### Task item
Print out every line of the material exactly. Include no pictures.
____ Raw data
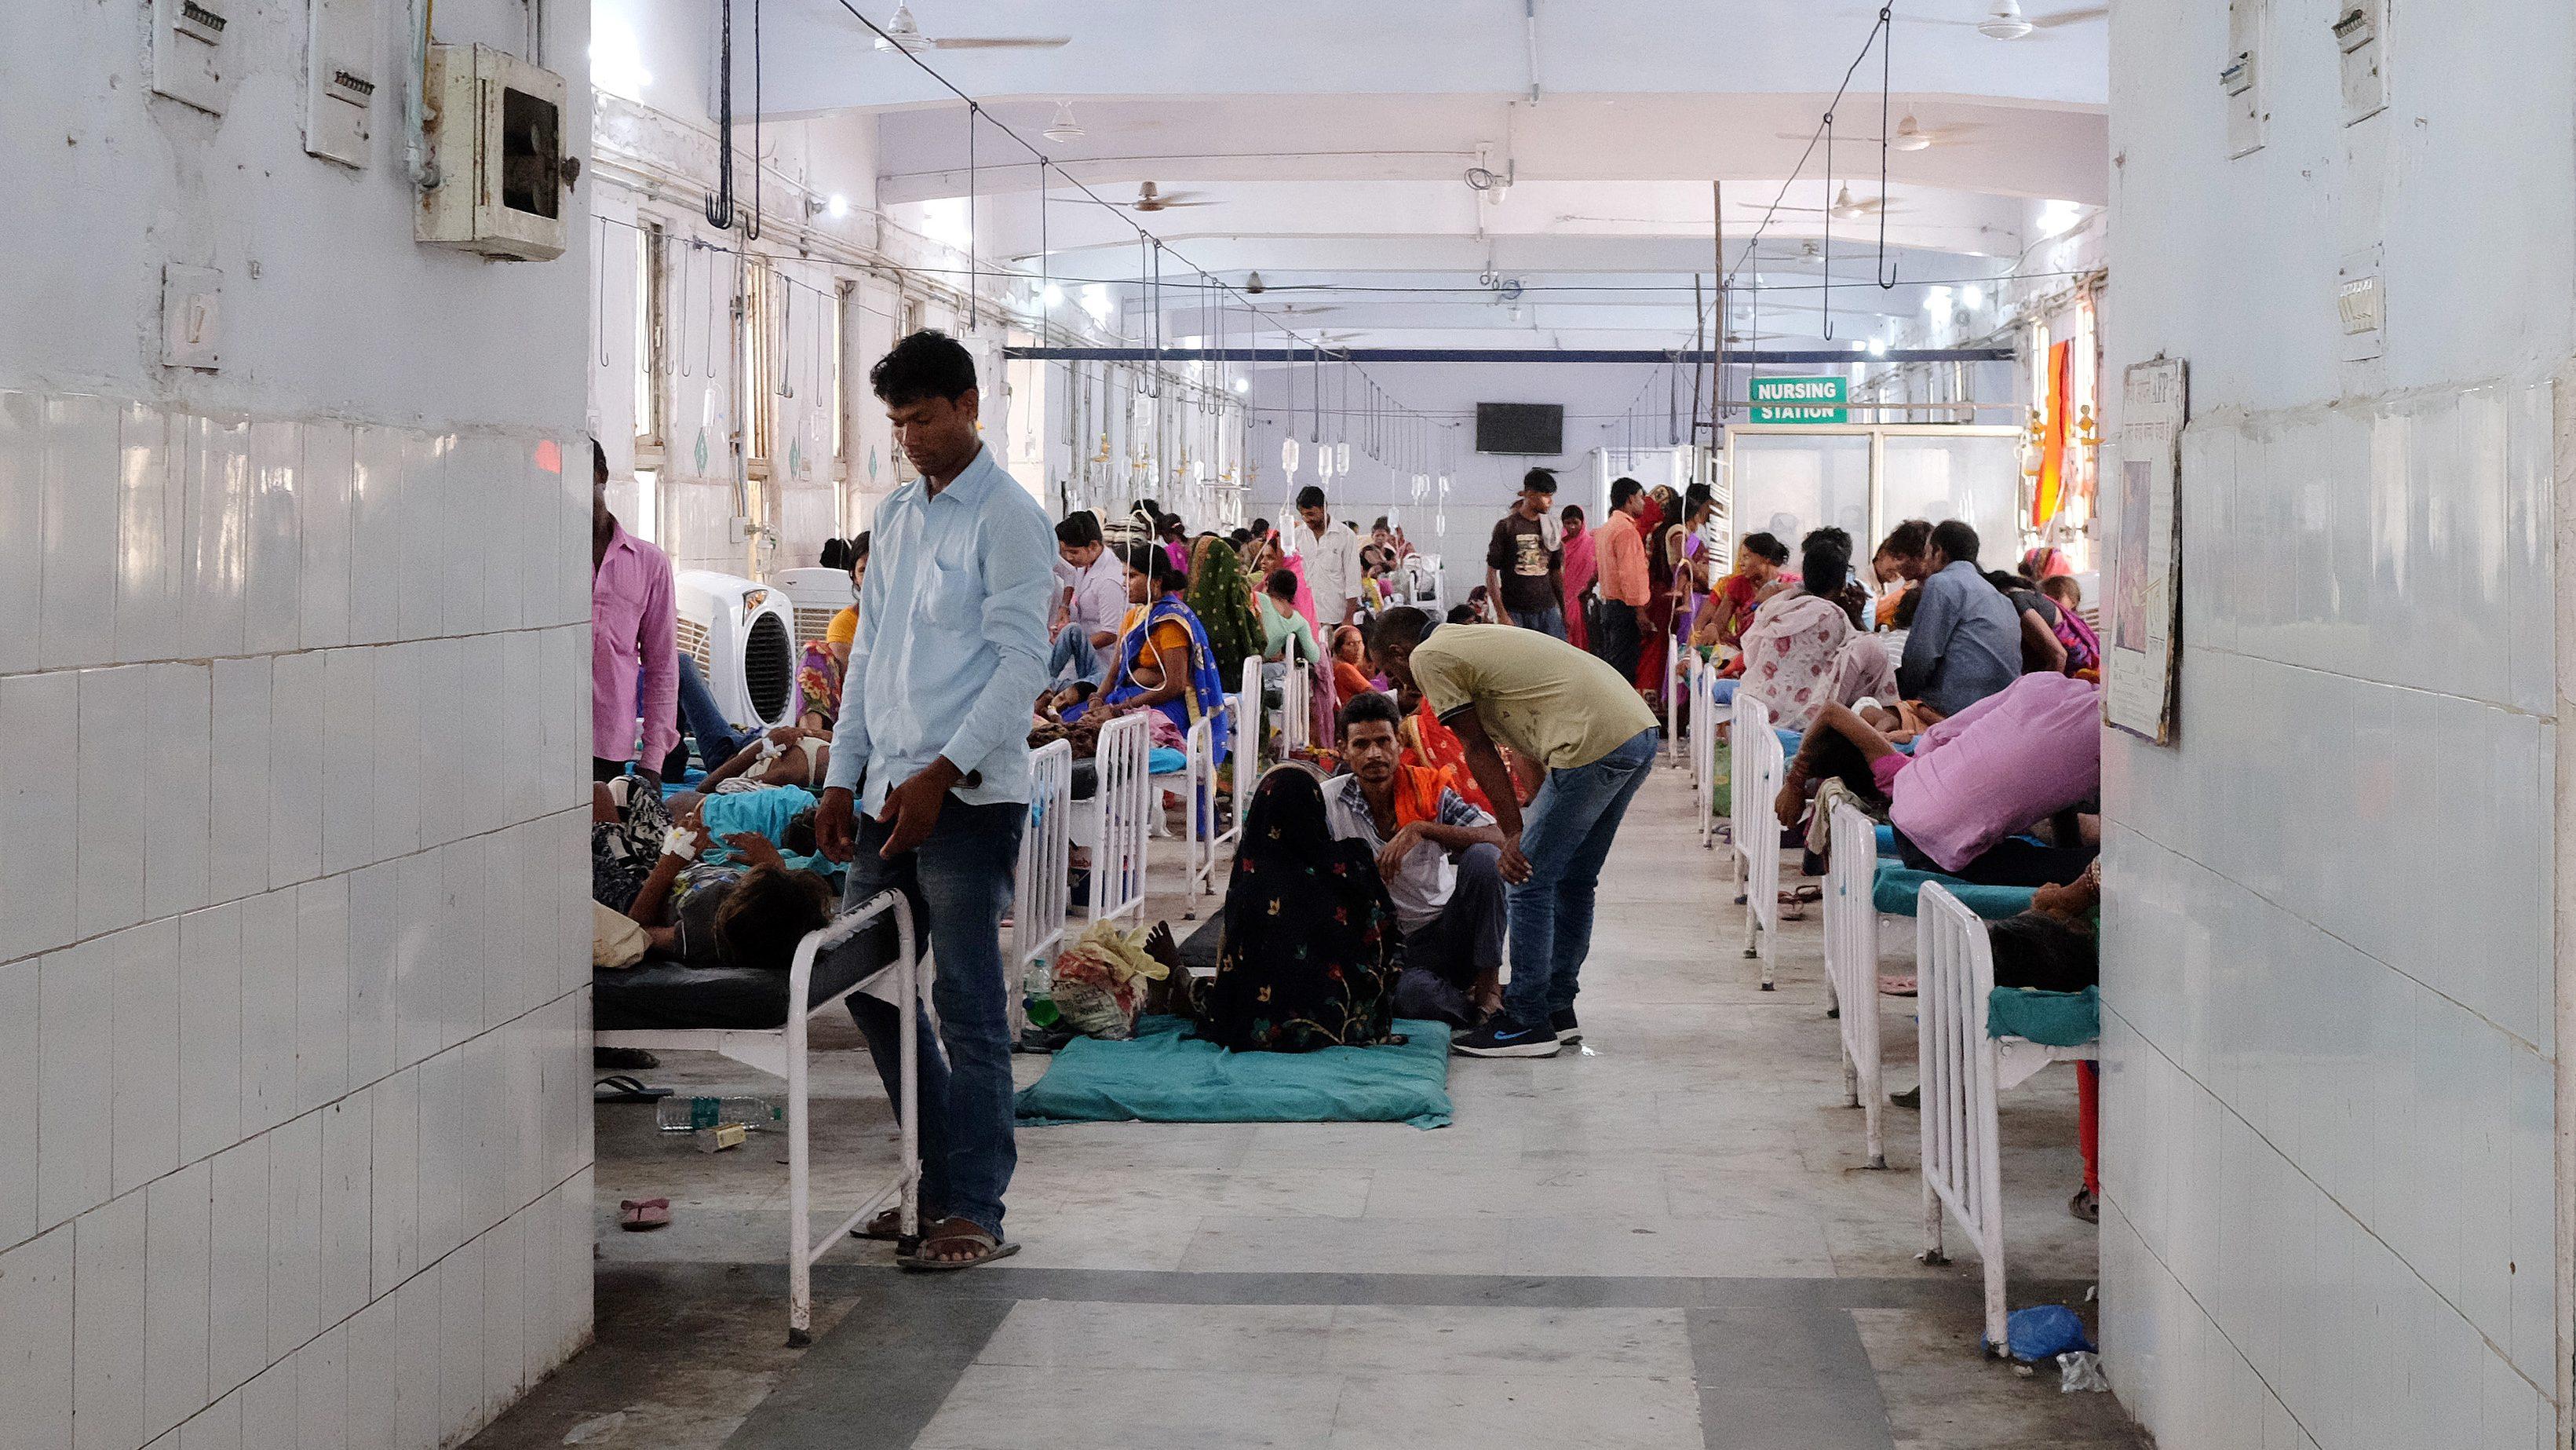 Superbugs have returned to haunt India's hospitals
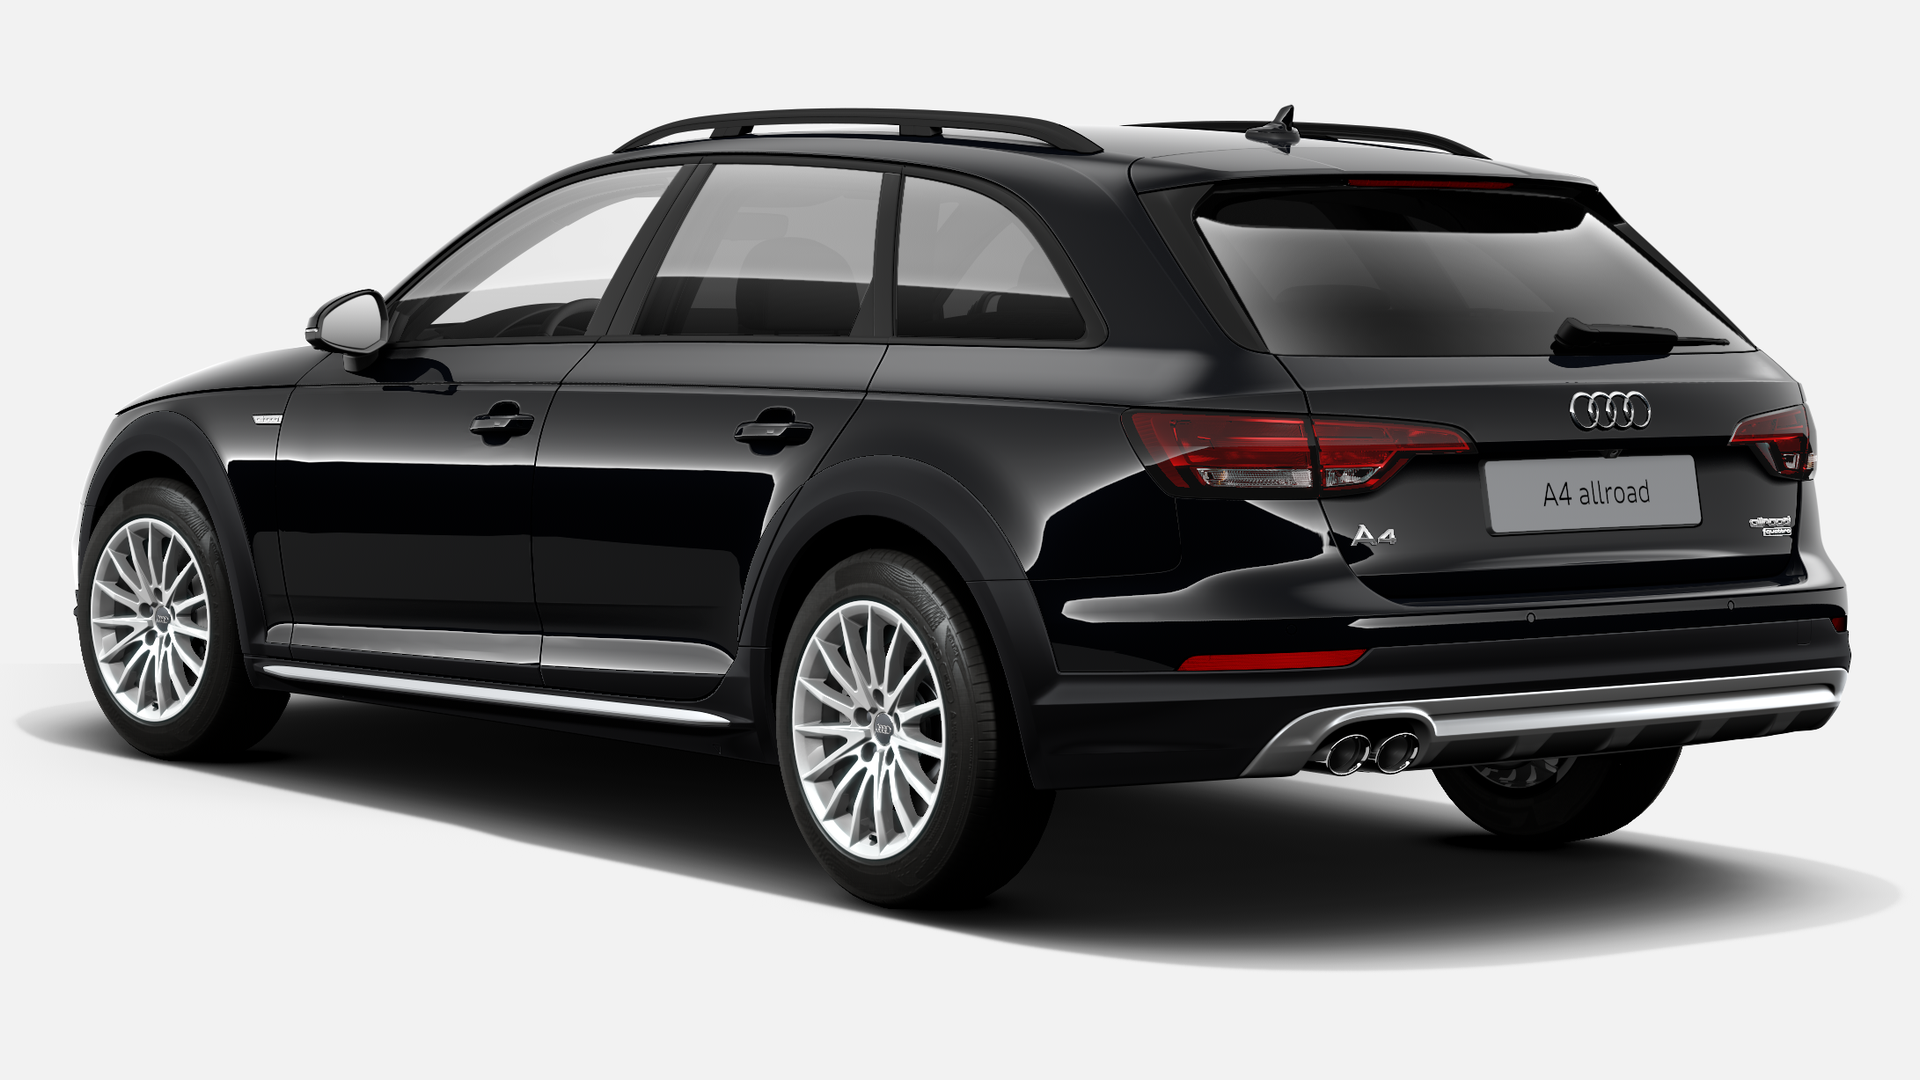 Vista Tres cuartos trasera izquierda de Audi A4 Allroad 2.0 TDI unlimited quattro S tronic 140 kW (190 CV)
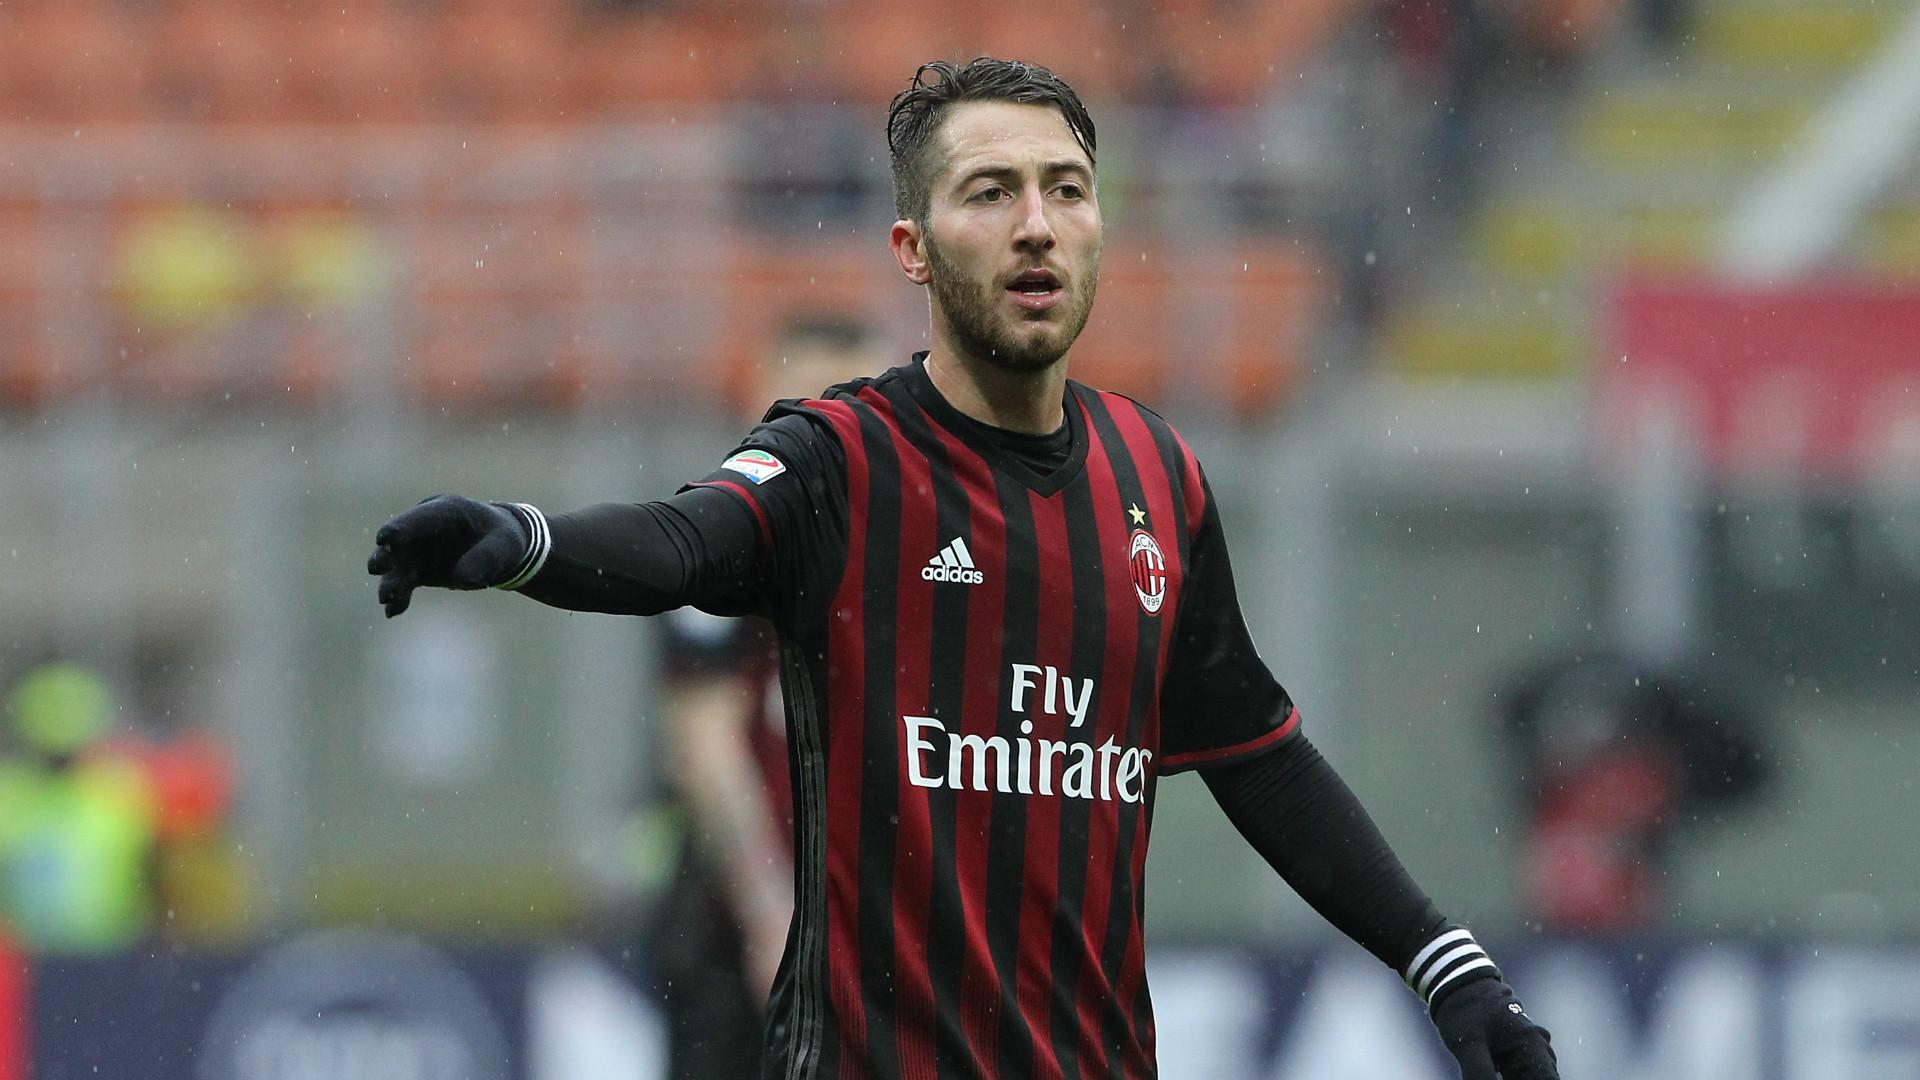 Calcio: Milan ha chiesto Perin al Genoa
________
### Response
 Superbugs have returned to haunt India's hospitals
 Vista Tres cuartos trasera izquierda de Audi A4 Allroad 2.0 TDI unlimited quattro S tronic 140 kW (190 CV)
 Calcio: Milan ha chiesto Perin al Genoa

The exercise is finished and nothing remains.